Five worthy reads is a regular column on five noteworthy items we’ve discovered while researching trending and timeless topics. In this edition, we explore one of the evolving privacy-enhancing techniques called differential privacy and how it’s being leveraged by organizations to safeguard sensitive data from being exposed.
Cutting-edge technologies based on artificial intelligence and machine learning have been gaining traction in recent years. Organizations are becoming more dependent on these for internal operations, research, and predicting customer needs. However, these technologies are fueled by data, especially end-user data.
While data analysis provides the necessary insight to deliver better customer service, maintaining user privacy is the biggest obstacle that businesses need to overcome. This is where techniques like differential privacy (DP) come into play. DP helps process and share data without revealing the users’ individual identities by employing statistical noise, which is random alterations made to the original data.
Here’s a simple use case: A study needs to be done to analyze whether millennials prefer to use toothpaste or mouthwash for dental hygiene. The participants are asked to choose either of the two options. Before recording their responses, the differentially private algorithm will apply a randomization technique similar to flipping a coin. If it’s heads, the participant’s original response, let’s assume toothpaste, will be retained. If it’s tails, mouthwash will be recorded as the answer selected by the participant. In the event of any data leakage, an attacker will find it difficult to differentiate between the original data and the modified data generated by the algorithm. The interchanging of the responses (noise) would be done only in acceptable quantities that wouldn’t cause any significant variations to the aggregated results.
Technology giants like Apple and Google use DP to identify users’ behavioral patterns without disclosing their identities. Apple employs DP to accumulate insights like search engine usage, emoji usage, and usage of words not in the keywords library from devices like iPhones, iPads, and Macs. Google Maps uses DP to gather information about traffic in cities. Recently, Google used it in its community mobility reports, which capture geographical movement trends during COVID-19. LinkedIn uses it to generate marketing analytics and audience insights for advertisers without revealing its members’ data. Amazon uses it to access the purchase history of users without compromising their identities in order to provide more personalized suggestions.
These are just a few use cases. Here are five interesting reads on differential privacy and what it means for businesses.

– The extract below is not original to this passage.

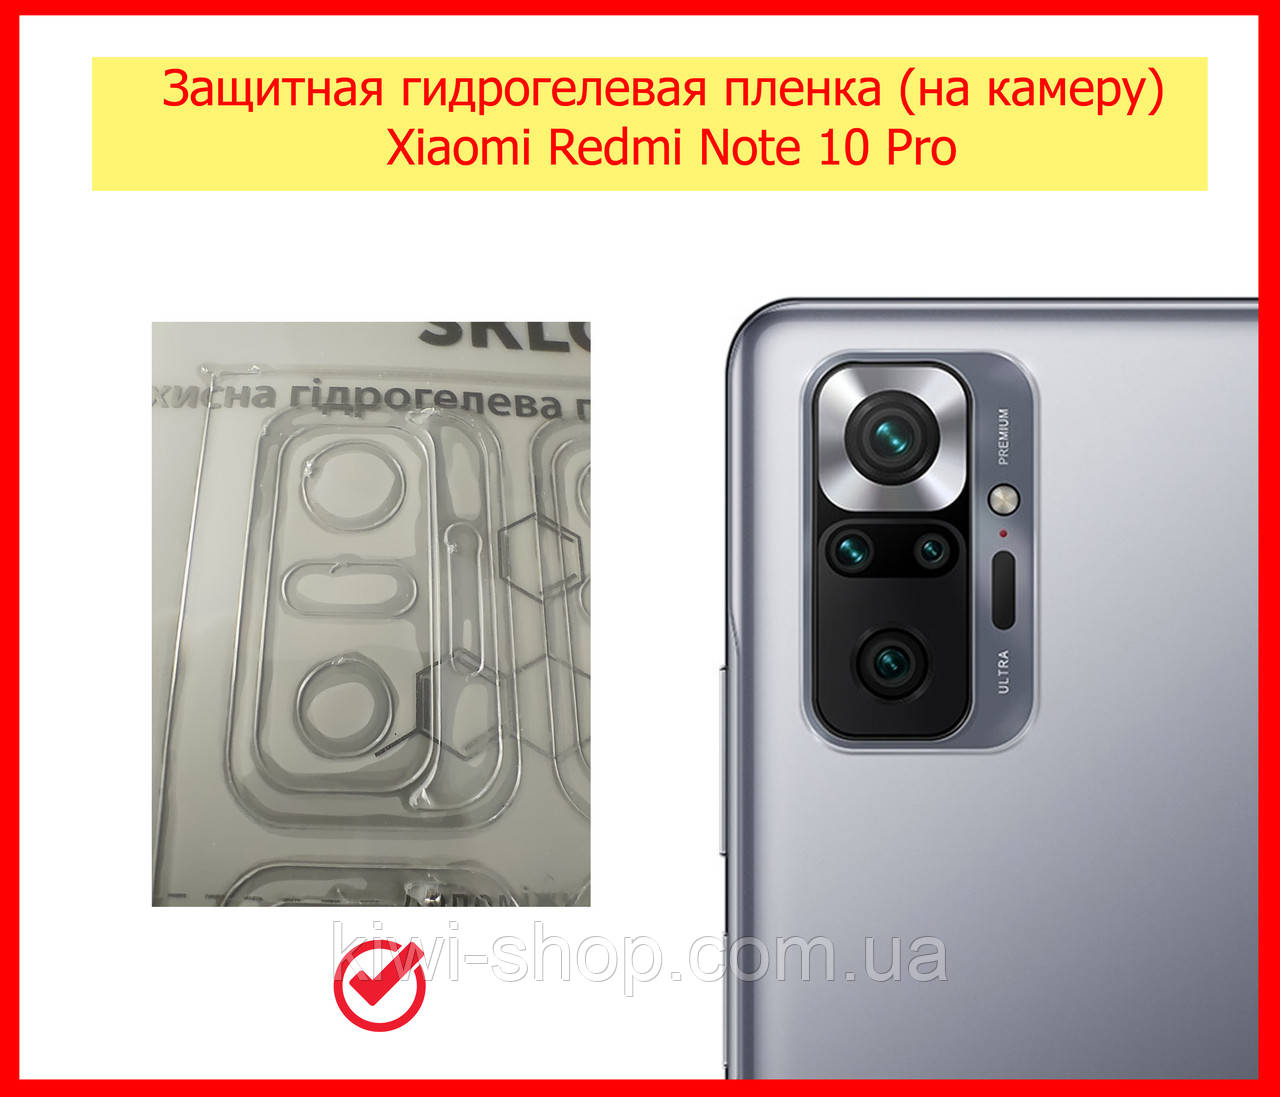 

Защитная гидрогелевая пленка на камеру для Xiaomi Redmi Note 10 Pro, гнучке скло на камеру редмі нот 10 про, Прозрачный

People are increasingly concerned about how their data is being stored and used. DP is one of the techniques used to address this. While it’s not an entirely new concept, few have implemented it on a large scale. Understanding the major components of DP and how it relates to your research objective is vital to applying it on a larger scale.
There are many privacy-enhancing computation techniques being developed and tested by large enterprises. DP is one that is gaining more traction. Let’s look into which sectors should consider implementing this and how it is being used in different industries.
Certain implementation bugs can cause differentially private algorithms to fail their purpose. Automated testing and manual proofs are some of the known methods to address this issue. In this article, we explore another option called automatic proof. Automatic proof tools analyze a program and attempt to build proof that it won’t let the algorithms fail.
Mixing up confidential data with specific quantities of randomly-modified data will provide more security than simply encrypting it. This article discusses the potential ways businesses can leverage this technique to secure valuable data, as well as the pros and cons of these approaches.
This article explores the concept of DP and how it is being employed by businesses from different sectors. It also shares key learnings from the US Census Bureau’s use of DP.
Businesses dealing with sensitive information can reduce the risk of data exposure by combining DP with other privacy-enhancing technologies. Major brands like Apple and Google have already been trying out new differentially private algorithms as part of their data-protection measures. Enterprises and governments have now started exploring its potential to support safe exchanges of sensitive data. However, businesses will need to understand to what extent noise (altered data) can be injected for this method to be effective.